Check your gear. An obvious one is to check your equipment for air leaks--or ask your buddy to check. Often, you can't see the leaks yourself. A little bubbling from your tank O-ring or your BC inflator can add up to several hundred psi over an hour's dive. An octo that free-flows occasionally will dump air a lot faster. Detune it if you can, and mount it with the mouthpiece facing down. Don't detune your primary reg, however. You'll increase the work you have to do to suck in air, which will increase your carbon dioxide production, which will accelerate your breathing rate and, in the end, waste air.

Streamline and simplify.
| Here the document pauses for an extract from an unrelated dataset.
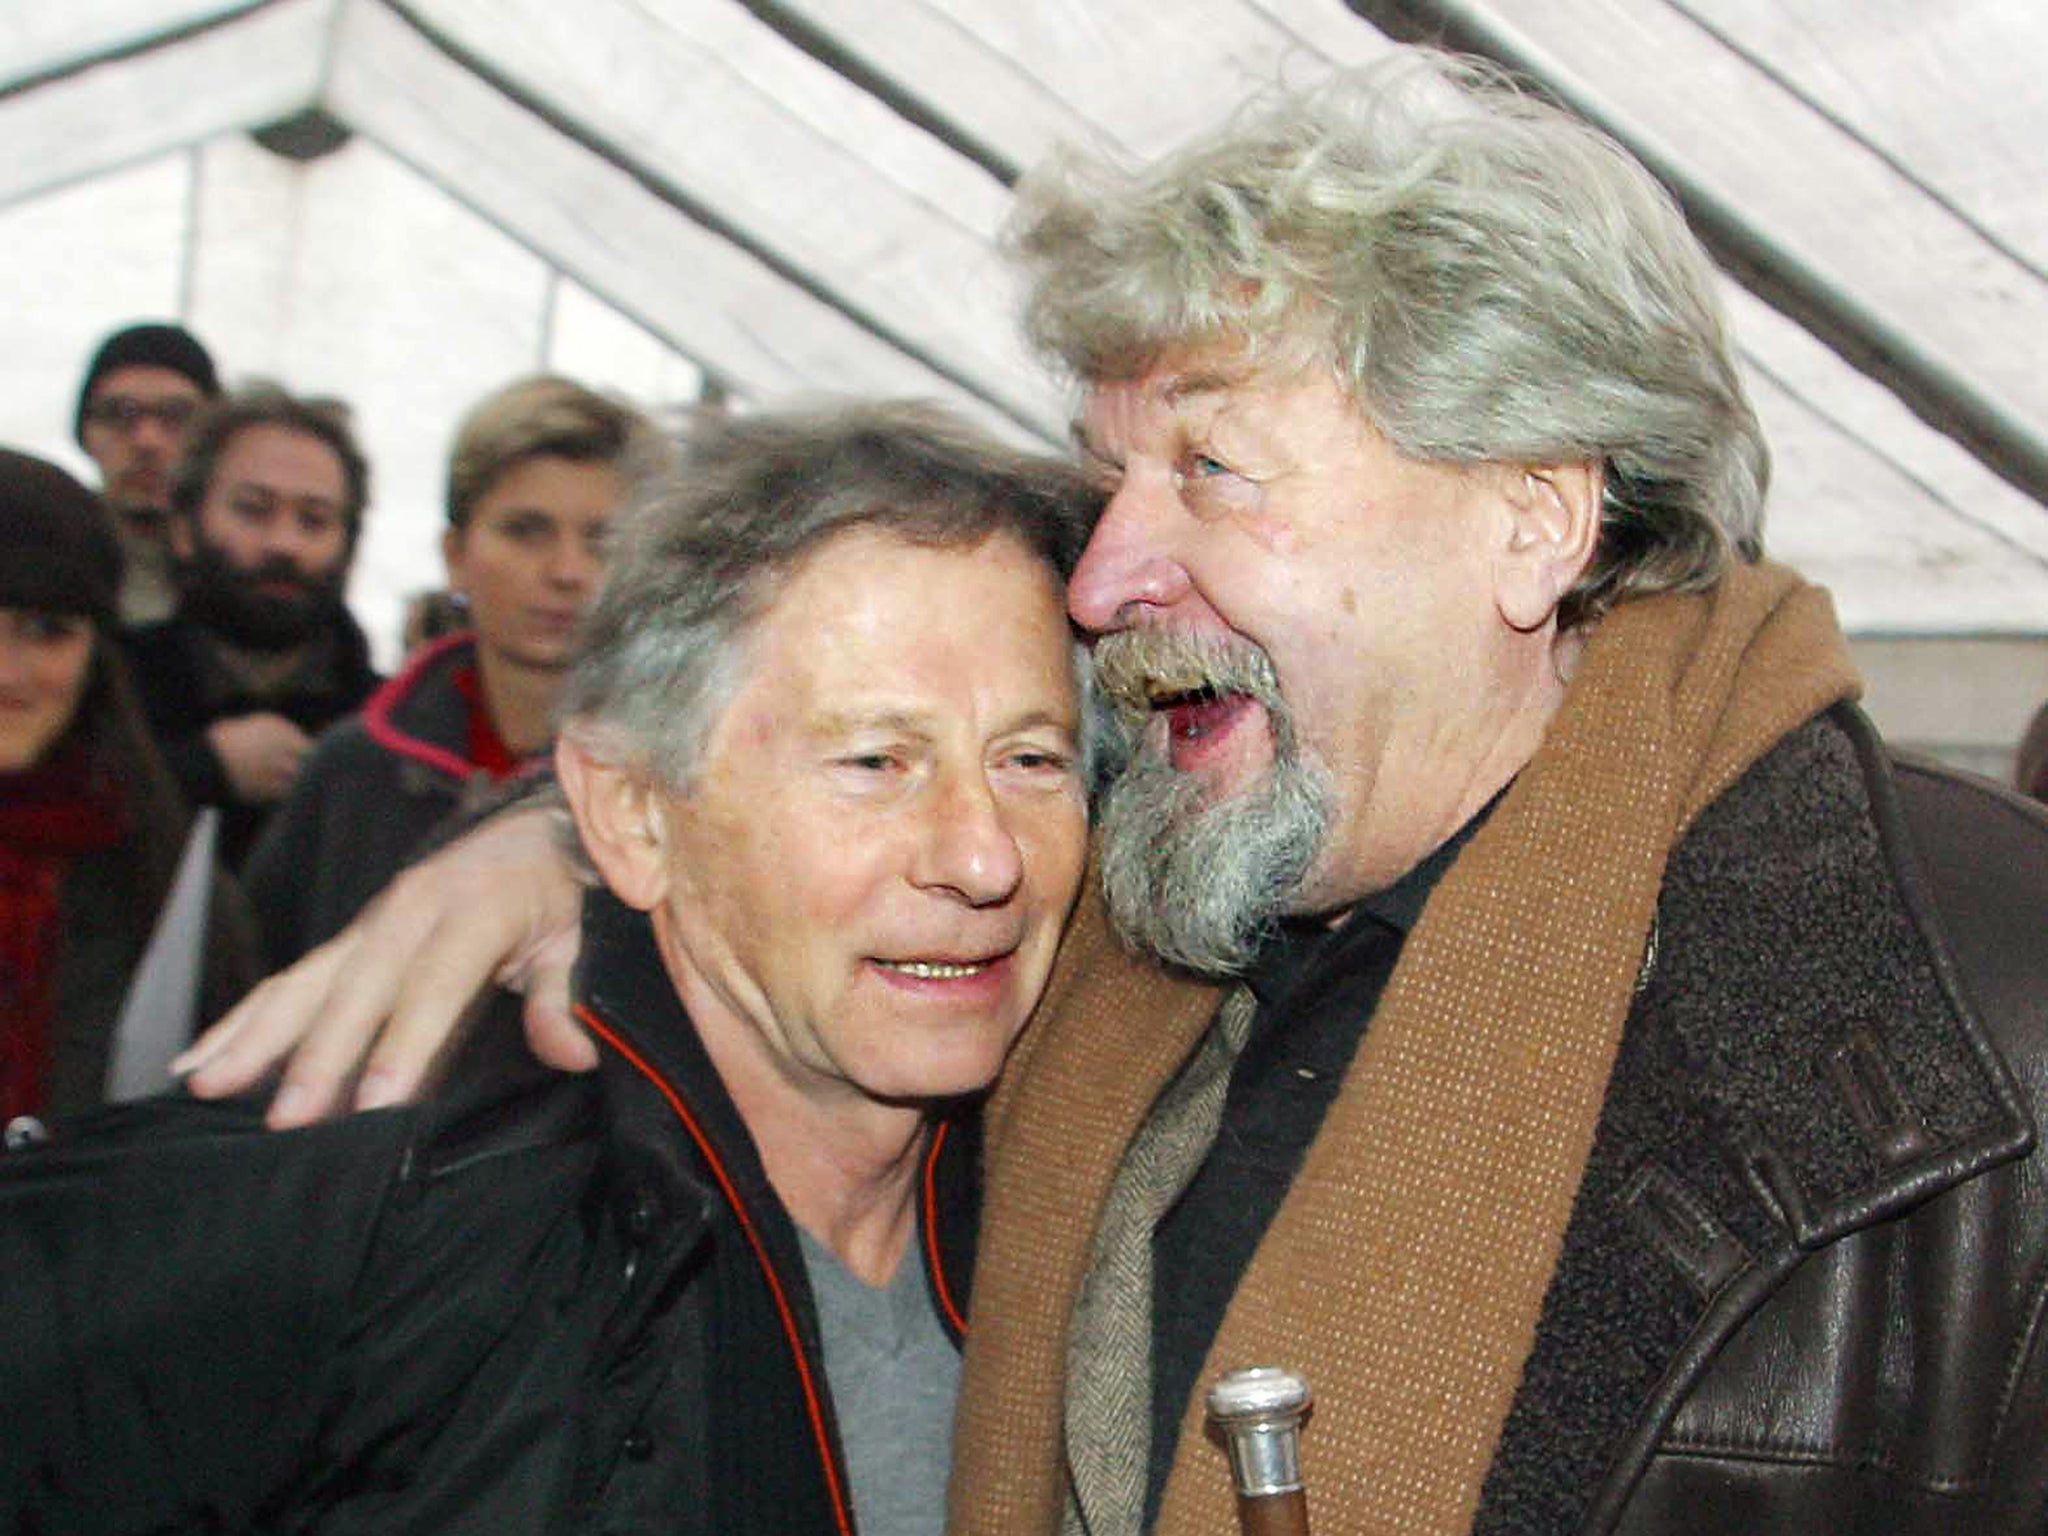 Ondricek, right, with Roman Polanski in 2004

Minimize the "hole in the water" made by your body. The less water you have to shove aside, the less energy and air you have to consume. One way is to reduce how much lead you carry because extra lead needs extra BC inflation to support it. An inflated BC pushes aside more water. Another way to shove less water is trim your body to horizontal, so your legs are following through the hole made by your shoulders and not enlarging it. Many divers do, in fact, swim with their heads up and fins down.

Watch your kick cycle. Finning with short, rapid strokes also causes less turbulence and drag. When you spread your legs wide for a big stroke, your fins are actually slowing you down. Rapid finning takes getting used to, however. It may be tiring and even waste energy and air until your legs are trained to it.

Go slow, stay shallow. Depth and current both waste energy and air. Doubling your depth doubles your air consumption, and if you double your speed to compensate for a current you may nearly quadruple your air consumption. So dodge both when you can. Often, a wall looks the same at 40 feet as it does at 60. On the other hand, there are trade-offs: a current may be weaker along the bottom than near the surface.

Stretch your boundaries. Consider taking up yoga for more control of your breathing. Don't laugh. Free divers swear by it.